◆ **Task to complete**
For the listing below, the answer is an exact retyping of the lines from the one with "Steak de boeuf" through the one with "Du khách tới", both included, without pictures.
--- Data under study ---
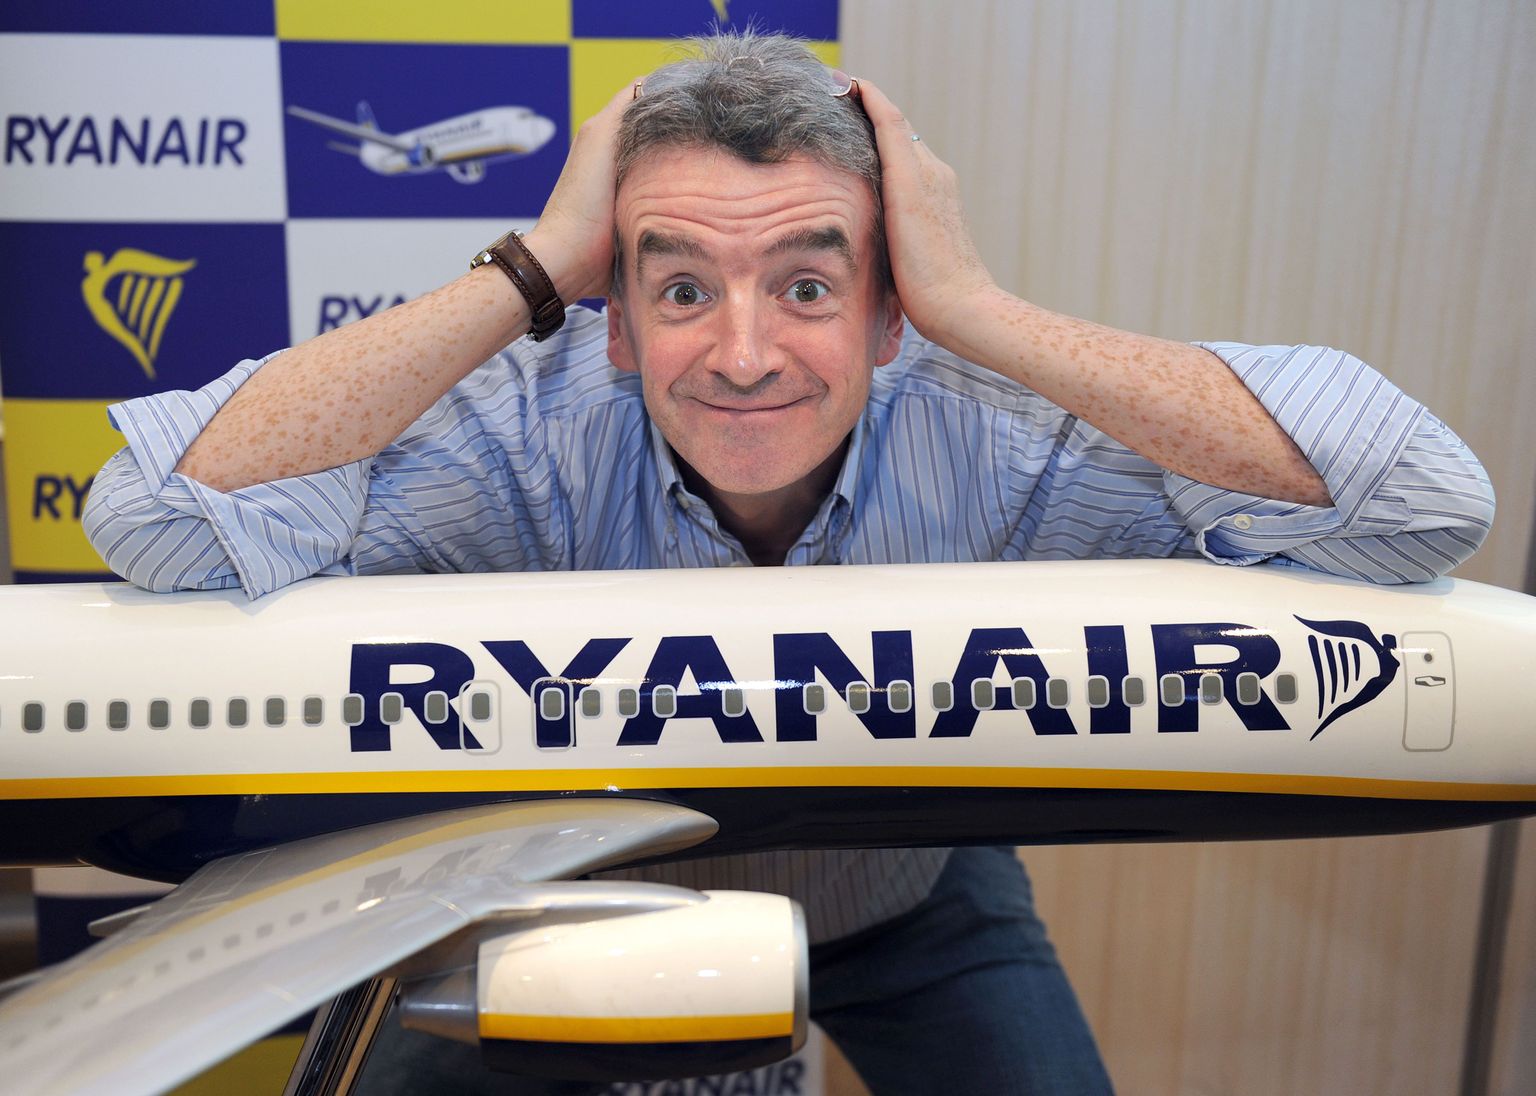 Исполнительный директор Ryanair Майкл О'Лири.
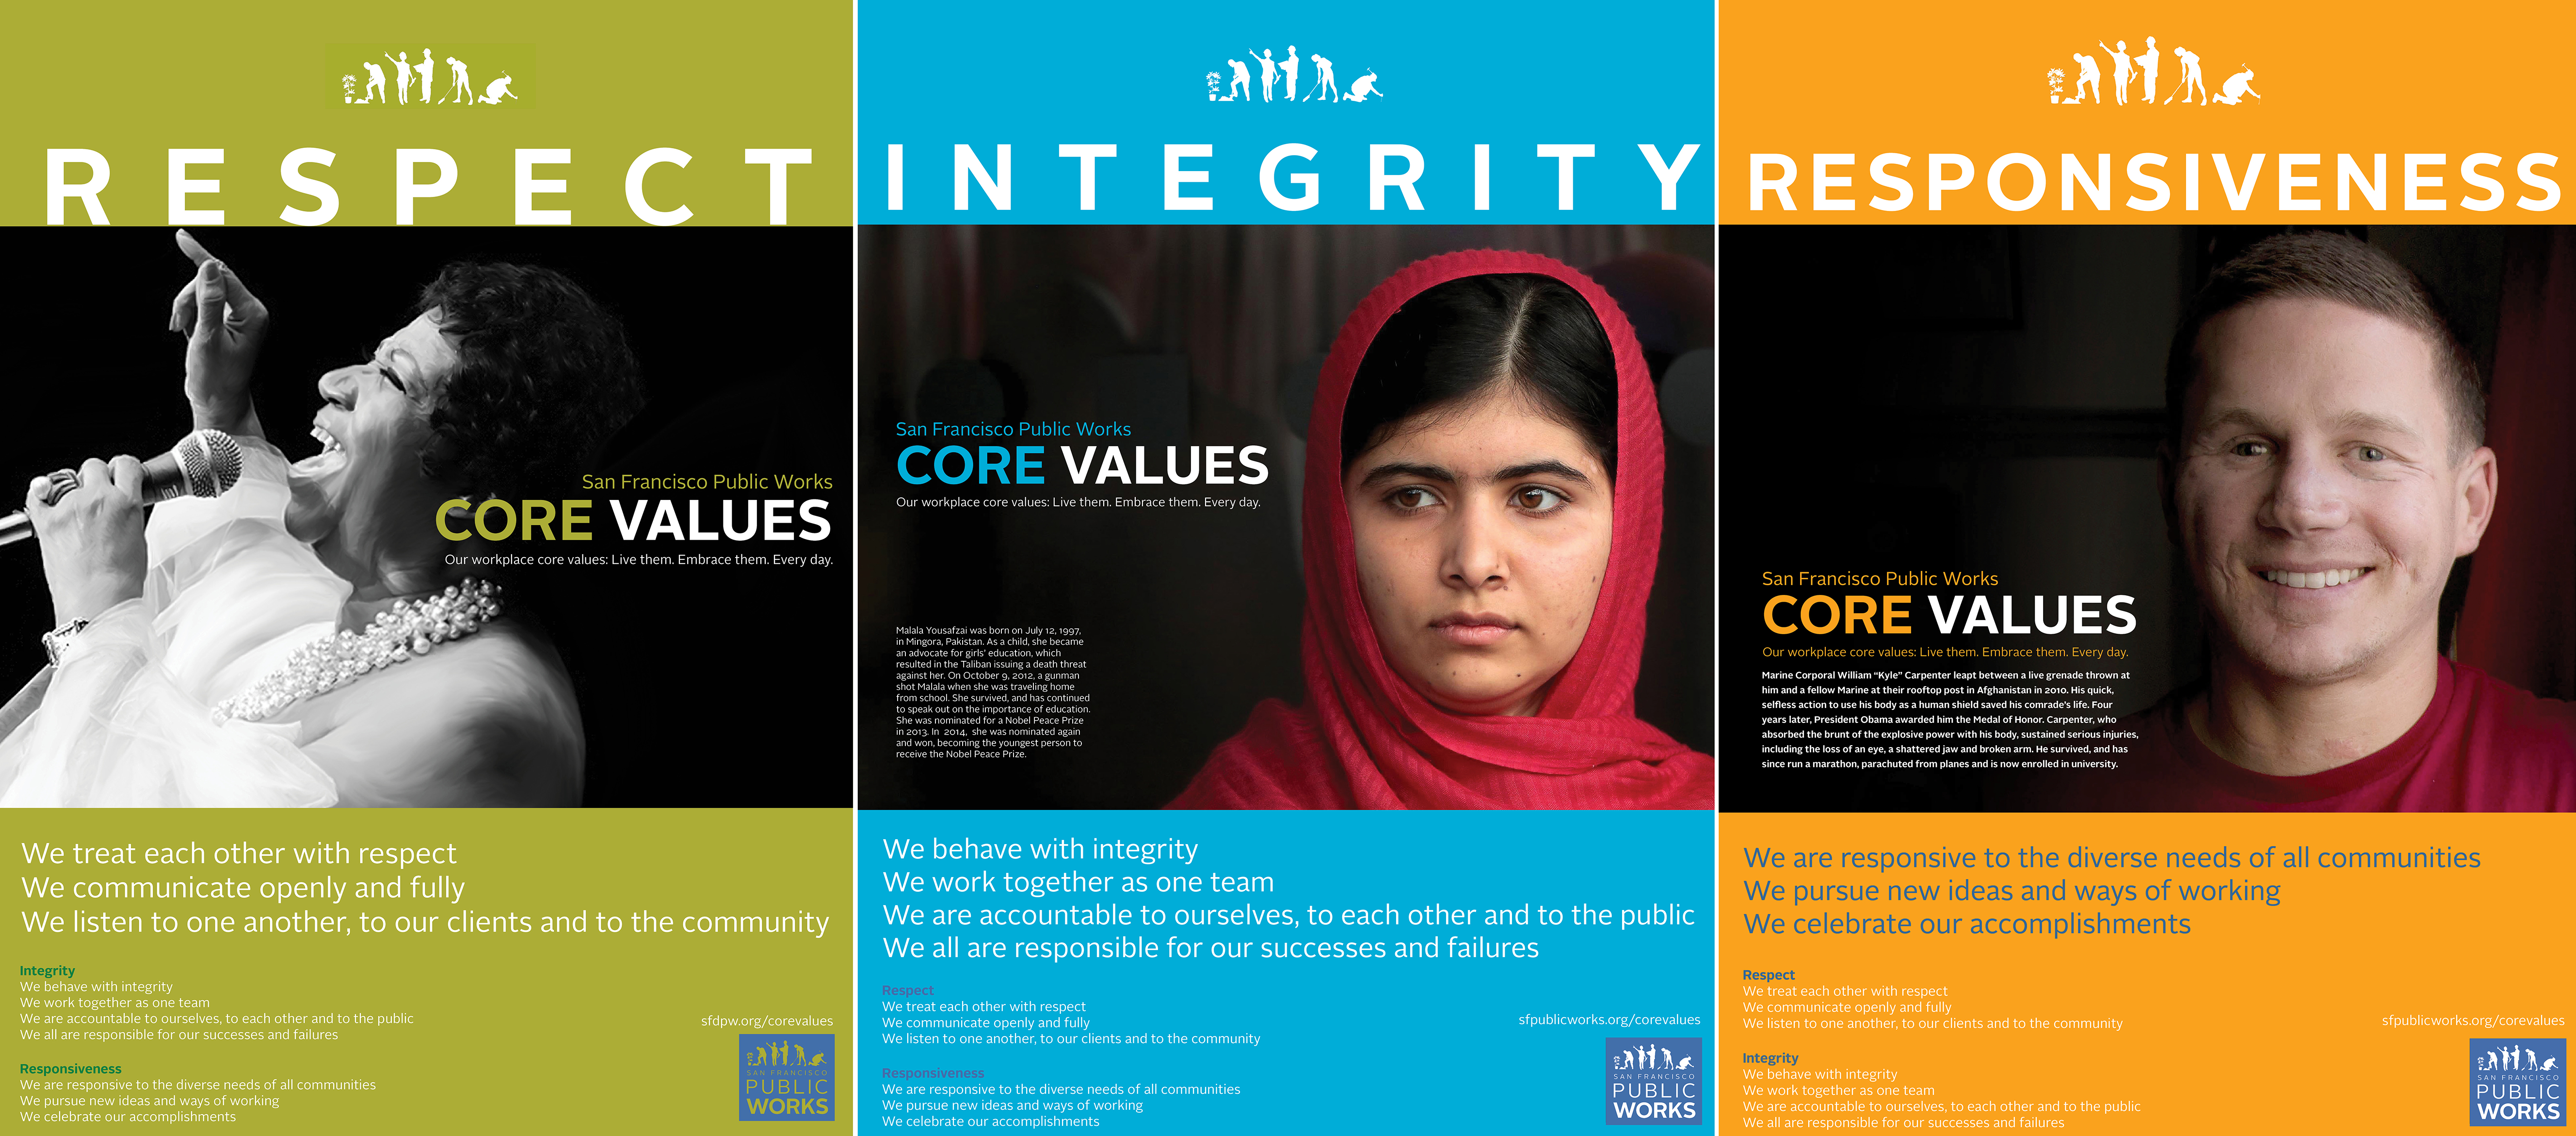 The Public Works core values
---
--- Data under study ---
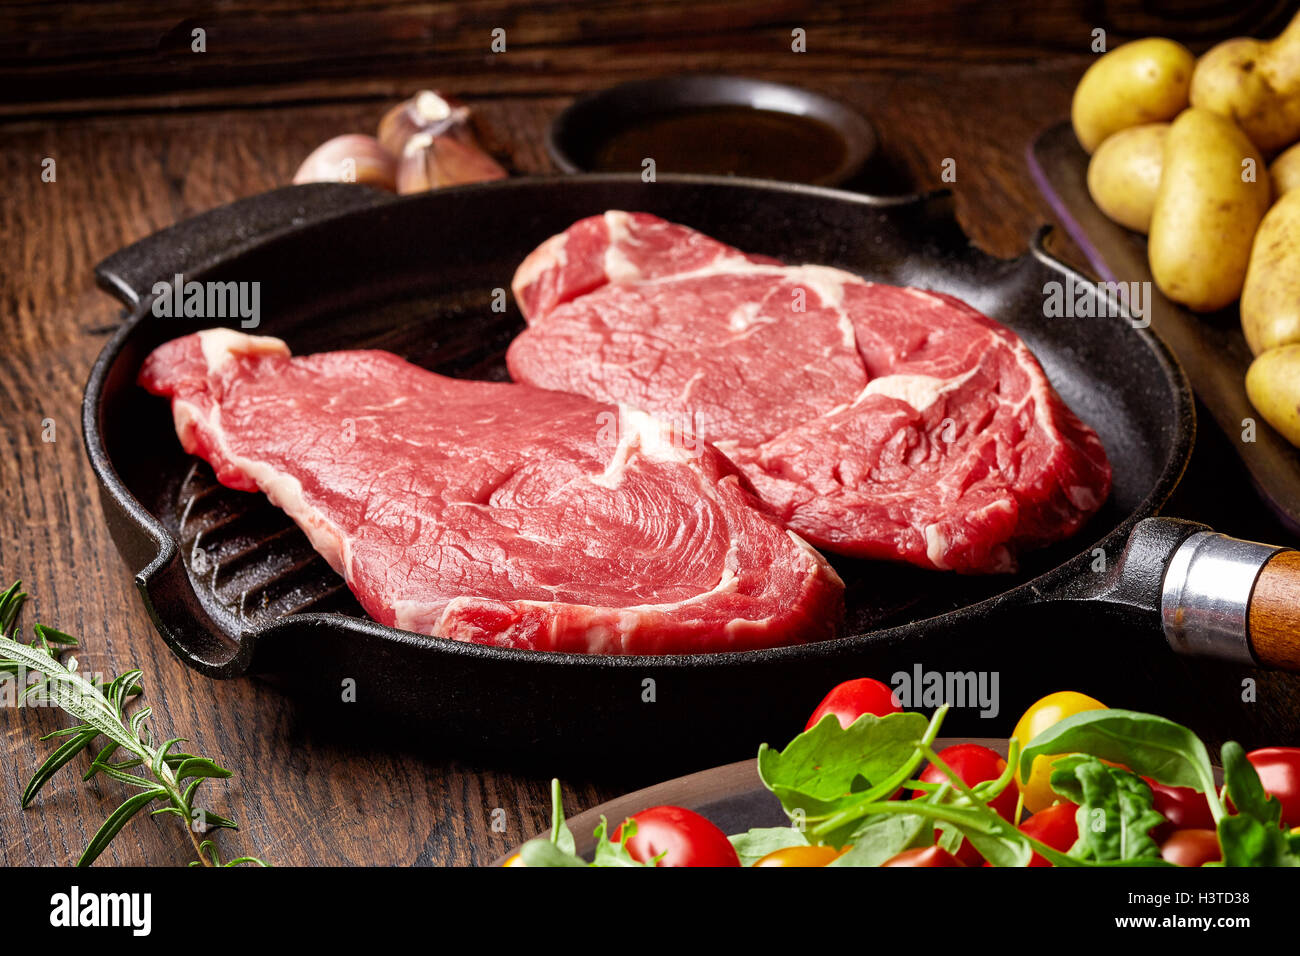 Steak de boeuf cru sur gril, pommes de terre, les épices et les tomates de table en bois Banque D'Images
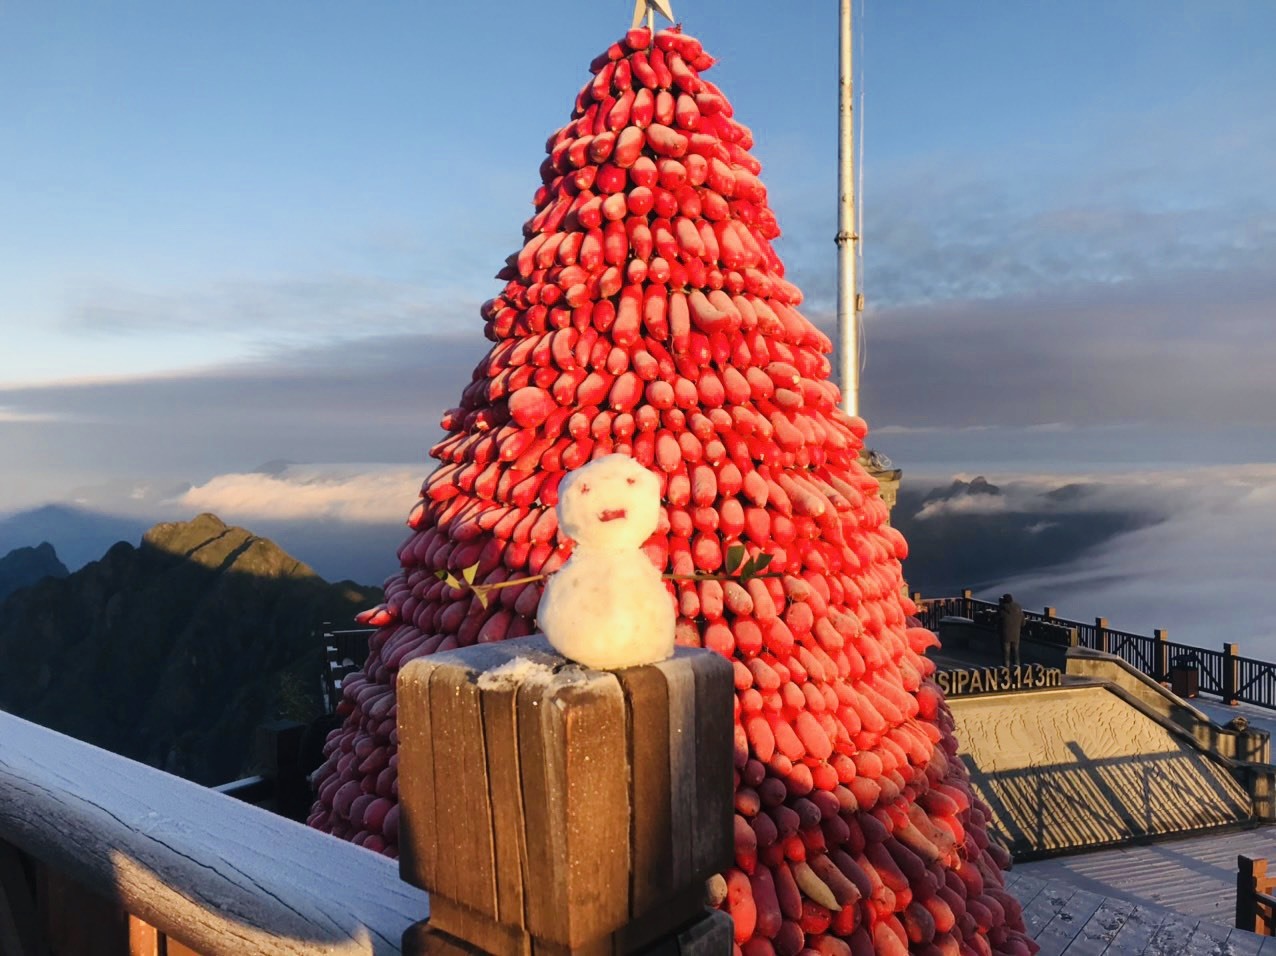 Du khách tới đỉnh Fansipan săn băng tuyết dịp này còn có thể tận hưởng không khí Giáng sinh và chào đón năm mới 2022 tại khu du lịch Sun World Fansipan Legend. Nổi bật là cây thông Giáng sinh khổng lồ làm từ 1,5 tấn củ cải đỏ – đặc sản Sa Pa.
---
--- Data under study ---
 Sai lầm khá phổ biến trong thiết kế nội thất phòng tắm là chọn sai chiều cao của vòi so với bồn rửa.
---
◆ **Response to this task**
 Steak de boeuf cru sur gril, pommes de terre, les épices et les tomates de table en bois Banque D'Images
 Du khách tới đỉnh Fansipan săn băng tuyết dịp này còn có thể tận hưởng không khí Giáng sinh và chào đón năm mới 2022 tại khu du lịch Sun World Fansipan Legend. Nổi bật là cây thông Giáng sinh khổng lồ làm từ 1,5 tấn củ cải đỏ – đặc sản Sa Pa.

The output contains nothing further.